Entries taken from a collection
'''
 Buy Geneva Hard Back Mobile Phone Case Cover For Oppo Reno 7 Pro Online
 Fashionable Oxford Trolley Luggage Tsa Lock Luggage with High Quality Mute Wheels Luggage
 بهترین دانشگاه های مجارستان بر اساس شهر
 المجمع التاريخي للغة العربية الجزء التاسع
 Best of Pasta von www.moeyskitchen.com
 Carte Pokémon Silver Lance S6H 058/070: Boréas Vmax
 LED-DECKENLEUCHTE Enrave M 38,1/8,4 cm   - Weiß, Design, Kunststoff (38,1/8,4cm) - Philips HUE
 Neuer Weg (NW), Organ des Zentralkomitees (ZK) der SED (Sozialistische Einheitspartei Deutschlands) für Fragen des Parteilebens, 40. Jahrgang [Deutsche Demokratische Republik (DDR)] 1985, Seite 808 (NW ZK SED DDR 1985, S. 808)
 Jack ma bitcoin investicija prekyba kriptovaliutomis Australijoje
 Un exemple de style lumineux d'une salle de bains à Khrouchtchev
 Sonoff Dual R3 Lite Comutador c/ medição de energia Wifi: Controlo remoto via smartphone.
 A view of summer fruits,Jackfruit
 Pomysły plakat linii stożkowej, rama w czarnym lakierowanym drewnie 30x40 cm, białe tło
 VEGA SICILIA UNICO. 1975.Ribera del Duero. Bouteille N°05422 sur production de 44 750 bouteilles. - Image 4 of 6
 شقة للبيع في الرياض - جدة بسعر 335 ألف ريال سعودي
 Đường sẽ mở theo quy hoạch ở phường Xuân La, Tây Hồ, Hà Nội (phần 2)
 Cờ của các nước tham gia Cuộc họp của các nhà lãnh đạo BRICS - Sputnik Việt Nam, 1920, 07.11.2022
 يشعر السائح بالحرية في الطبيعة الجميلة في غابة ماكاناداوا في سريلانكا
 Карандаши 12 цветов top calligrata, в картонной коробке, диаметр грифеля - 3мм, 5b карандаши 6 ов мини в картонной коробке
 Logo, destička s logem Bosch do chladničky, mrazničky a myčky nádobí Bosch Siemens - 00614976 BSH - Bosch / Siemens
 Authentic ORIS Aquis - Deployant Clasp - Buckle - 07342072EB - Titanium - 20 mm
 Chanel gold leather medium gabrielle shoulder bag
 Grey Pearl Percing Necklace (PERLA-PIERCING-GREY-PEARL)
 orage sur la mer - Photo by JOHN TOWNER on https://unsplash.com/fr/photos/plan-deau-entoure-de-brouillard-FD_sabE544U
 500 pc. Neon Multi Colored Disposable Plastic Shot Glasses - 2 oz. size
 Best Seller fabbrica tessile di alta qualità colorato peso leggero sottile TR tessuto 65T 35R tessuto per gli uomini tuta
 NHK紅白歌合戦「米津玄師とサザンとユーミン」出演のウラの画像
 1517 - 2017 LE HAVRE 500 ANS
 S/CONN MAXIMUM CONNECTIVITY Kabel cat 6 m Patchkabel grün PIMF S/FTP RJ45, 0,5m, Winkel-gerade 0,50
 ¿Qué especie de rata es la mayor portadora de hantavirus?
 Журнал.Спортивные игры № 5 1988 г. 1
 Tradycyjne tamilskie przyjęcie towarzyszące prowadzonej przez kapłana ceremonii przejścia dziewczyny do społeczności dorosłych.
'''
DIRECTIONS
Each record above has to be set down again, word for word.

SOLUTION FOR THIS TASK
 Buy Geneva Hard Back Mobile Phone Case Cover For Oppo Reno 7 Pro Online
 Fashionable Oxford Trolley Luggage Tsa Lock Luggage with High Quality Mute Wheels Luggage
 بهترین دانشگاه های مجارستان بر اساس شهر
 المجمع التاريخي للغة العربية الجزء التاسع
 Best of Pasta von www.moeyskitchen.com
 Carte Pokémon Silver Lance S6H 058/070: Boréas Vmax
 LED-DECKENLEUCHTE Enrave M 38,1/8,4 cm   - Weiß, Design, Kunststoff (38,1/8,4cm) - Philips HUE
 Neuer Weg (NW), Organ des Zentralkomitees (ZK) der SED (Sozialistische Einheitspartei Deutschlands) für Fragen des Parteilebens, 40. Jahrgang [Deutsche Demokratische Republik (DDR)] 1985, Seite 808 (NW ZK SED DDR 1985, S. 808)
 Jack ma bitcoin investicija prekyba kriptovaliutomis Australijoje
 Un exemple de style lumineux d'une salle de bains à Khrouchtchev
 Sonoff Dual R3 Lite Comutador c/ medição de energia Wifi: Controlo remoto via smartphone.
 A view of summer fruits,Jackfruit
 Pomysły plakat linii stożkowej, rama w czarnym lakierowanym drewnie 30x40 cm, białe tło
 VEGA SICILIA UNICO. 1975.Ribera del Duero. Bouteille N°05422 sur production de 44 750 bouteilles. - Image 4 of 6
 شقة للبيع في الرياض - جدة بسعر 335 ألف ريال سعودي
 Đường sẽ mở theo quy hoạch ở phường Xuân La, Tây Hồ, Hà Nội (phần 2)
 Cờ của các nước tham gia Cuộc họp của các nhà lãnh đạo BRICS - Sputnik Việt Nam, 1920, 07.11.2022
 يشعر السائح بالحرية في الطبيعة الجميلة في غابة ماكاناداوا في سريلانكا
 Карандаши 12 цветов top calligrata, в картонной коробке, диаметр грифеля - 3мм, 5b карандаши 6 ов мини в картонной коробке
 Logo, destička s logem Bosch do chladničky, mrazničky a myčky nádobí Bosch Siemens - 00614976 BSH - Bosch / Siemens
 Authentic ORIS Aquis - Deployant Clasp - Buckle - 07342072EB - Titanium - 20 mm
 Chanel gold leather medium gabrielle shoulder bag
 Grey Pearl Percing Necklace (PERLA-PIERCING-GREY-PEARL)
 orage sur la mer - Photo by JOHN TOWNER on https://unsplash.com/fr/photos/plan-deau-entoure-de-brouillard-FD_sabE544U
 500 pc. Neon Multi Colored Disposable Plastic Shot Glasses - 2 oz. size
 Best Seller fabbrica tessile di alta qualità colorato peso leggero sottile TR tessuto 65T 35R tessuto per gli uomini tuta
 NHK紅白歌合戦「米津玄師とサザンとユーミン」出演のウラの画像
 1517 - 2017 LE HAVRE 500 ANS
 S/CONN MAXIMUM CONNECTIVITY Kabel cat 6 m Patchkabel grün PIMF S/FTP RJ45, 0,5m, Winkel-gerade 0,50
 ¿Qué especie de rata es la mayor portadora de hantavirus?
 Журнал.Спортивные игры № 5 1988 г. 1
 Tradycyjne tamilskie przyjęcie towarzyszące prowadzonej przez kapłana ceremonii przejścia dziewczyny do społeczności dorosłych.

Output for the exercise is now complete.